Ok, so I’ve been away awhile. I visited the Maker Faire, and San Deigo Amphib Base (twice). Two days ago I read Benford’s Cosm, start to finish. And learned that the nucleus of heavier elements are ellipsoidal rather than spherical. Anyway, while I wait on preparing back-date posts of the aforementioned activities, I found out some interesting stuff today.

I was reading Geodesic Discrete Global Grid Systems (Kevin Sahr, Denis White, and A. Jon Kimerling. 2003. CaGIS 30(2): 121-134). I went out to search for code that does a grid <--> lat/lon conversion for Fuller’s Dymaxion icosahedron. Gray, R.W. actually wrote such code, for a flattened (2d) layout of the icosahedron, which might be useful in the future. These searches led me far afield, to the wikipedia article on Buckminister Fuller himself, where I leared that he was much better about recording events in his life than I am in mine. In fact,

Fuller documented his life every 15 minutes from 1915 to 1983, leaving 80 meters (270 feet) of journals. He called this the Dymaxion Chronofile. That is said to be the most documented human life in history.

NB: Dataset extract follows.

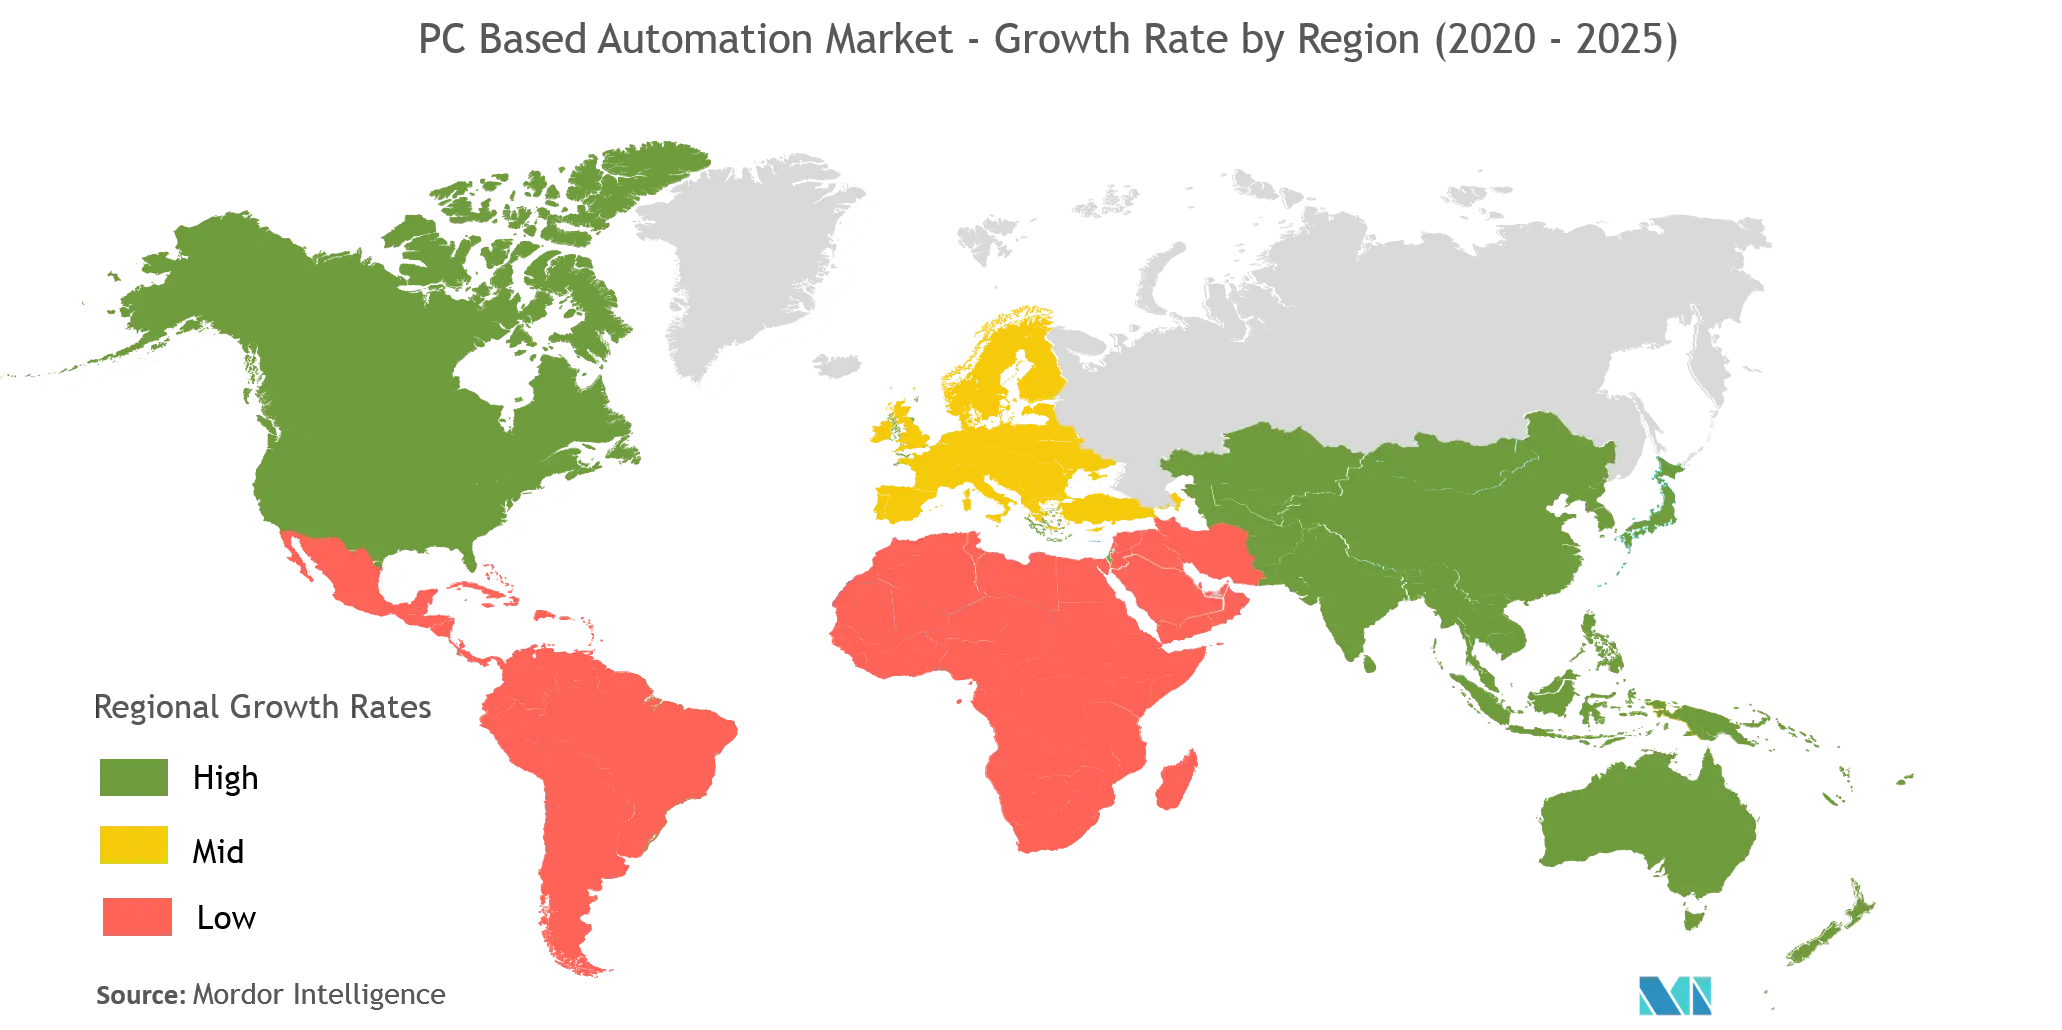 PC based Automation Market growth by region

And he also had lots of fun playing with words, and argued, quite rightly, that certain words impede clear thinking:

The words ‘down’ and ‘up,’ according to Fuller, are awkward in that they refer to a planar concept of direction inconsistent with human experience. The words ‘in’ and ‘out’ should be used instead, he argued, because they better describe an object’s relation to a gravitational center, the Earth. ‘World-around’ is a term coined by Fuller to replace worldwide. The general belief in a flat Earth died out in the Middle Ages, so using wide is an anachronism when referring to the surface of the Earth a spheroidal surface has area and encloses a volume, but has no width. Fuller held that unthinking use of obsolete scientific ideas detracts from and misleads intuition. The terms sunsight and sunclipse are other neologisms.

What an awesome dude.



Finally, I should make note of some articles that I wasn’t able to find online, but that I think would be good to read later.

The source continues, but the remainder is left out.